In an action by a judgment creditor for the reformation of a policy of automobile liability insurance, and for judgment against the defendant insurance company on the policy as reformed, judgment in favor of the plaintiff reversed on the law and the facts, and a new trial granted on the law side of the court, with costs to appellant to abide the event, and with leave to plaintiff to amend her complaint, if she shall be so advised. Plaintiff was not entitled to reformation. In the absence of fraud, reformation may not be directed without clear and convincing proof of mutual mistake. ( Amend v. Hurley, 293 N.Y. 587; Porter v. Commercial Cas. Ins. Co., 292 N.Y. 176; Salomon v. North British M. Ins. Co., 215 N.Y. 214.) No mutual mistake was established in this action. Since the ground of equitable jurisdiction alleged in the complaint has not been established to any extent, and it appears that there never was, as between the parties, any cause for equitable interference, the court may not retain the action and grant purely legal relief. ( Jackson v. Strong, 222 N.Y. 149; International Photo Rec. Mach. v. Microstat Corp., 269 App.
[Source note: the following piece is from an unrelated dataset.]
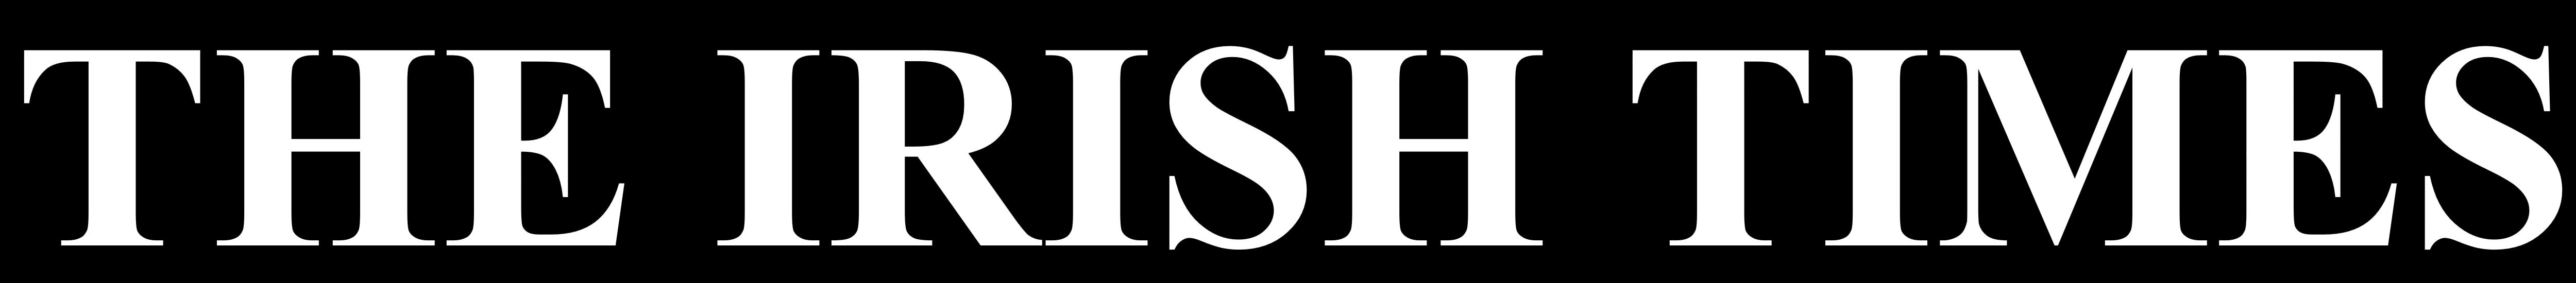 The_Irish_Times_logo_black
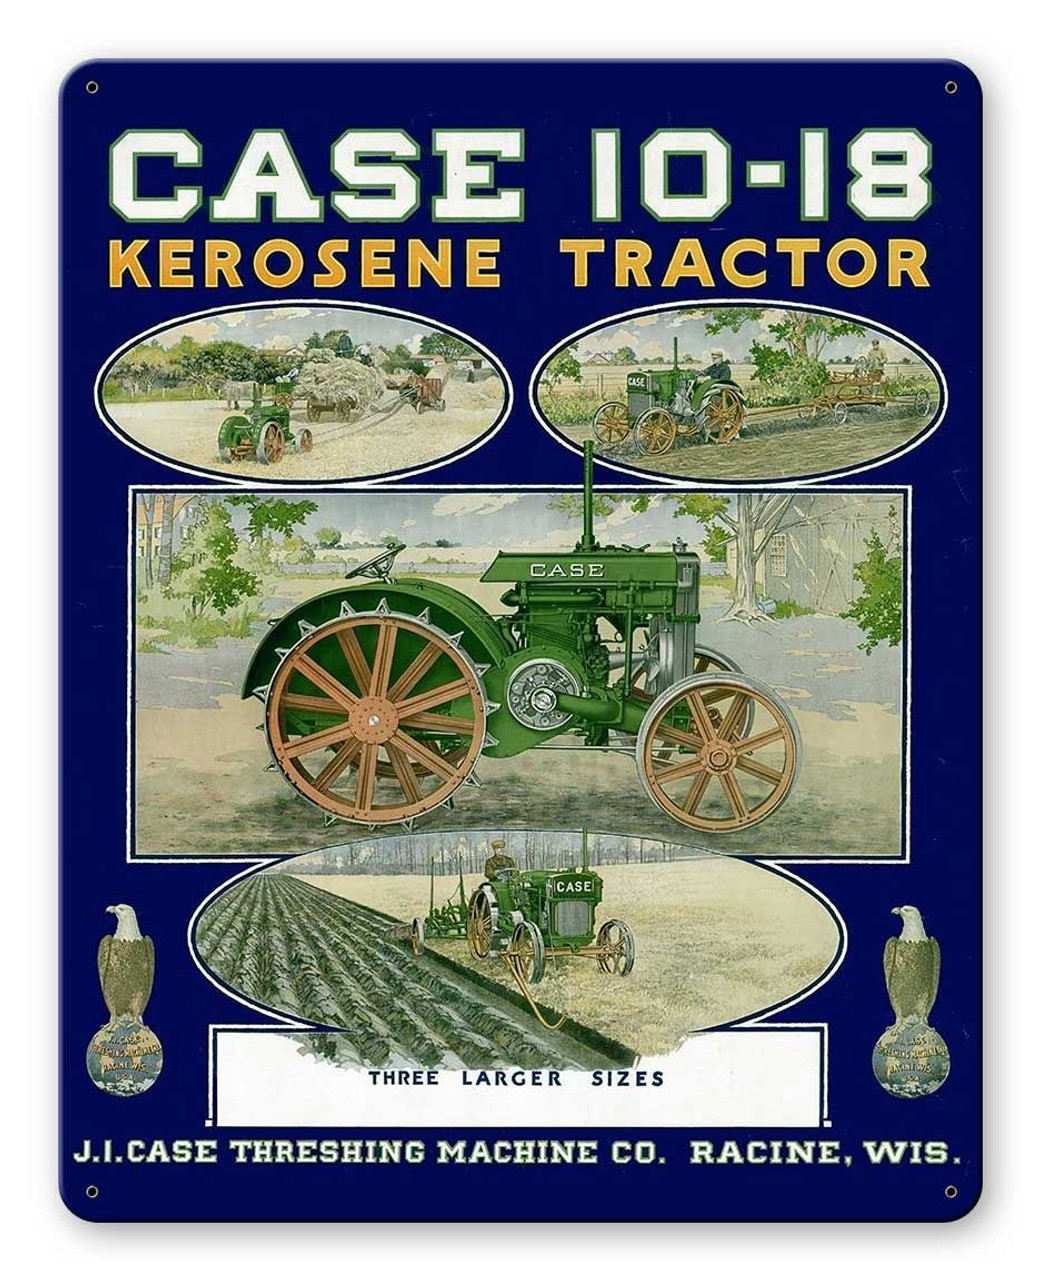 Case Kerosene Tractor Metal Sign 12 x 15 Inches

Div. 485.) We do not decide at this time whether the plaintiff may recover on the policy without reformation. It is our opinion, however, that she is entitled to a trial on that theory, under an appropriate pleading, if she shall be so advised. Under the circumstances disclosed, the acceptance of the last installment of the policy premium after the accident did not estop defendant ( Beaudry v. Massachusetts Bonding Ins. Co., 260 App. Div. 871; Baker v. Union Mutual Life Ins. Co., 43 N.Y. 283), nor did it operate as a waiver of any of defendant's rights to deny that there was a mutual mistake or to defend this action. ( Mapu v. Agricultural Insurance Co., 244 App. Div. 268.) For the purposes of a new trial all findings are reversed and conclusions disapproved. Lewis, P.J., Hagarty, Carswell and Nolan, JJ., concur; Aldrich, J., concurs in the result.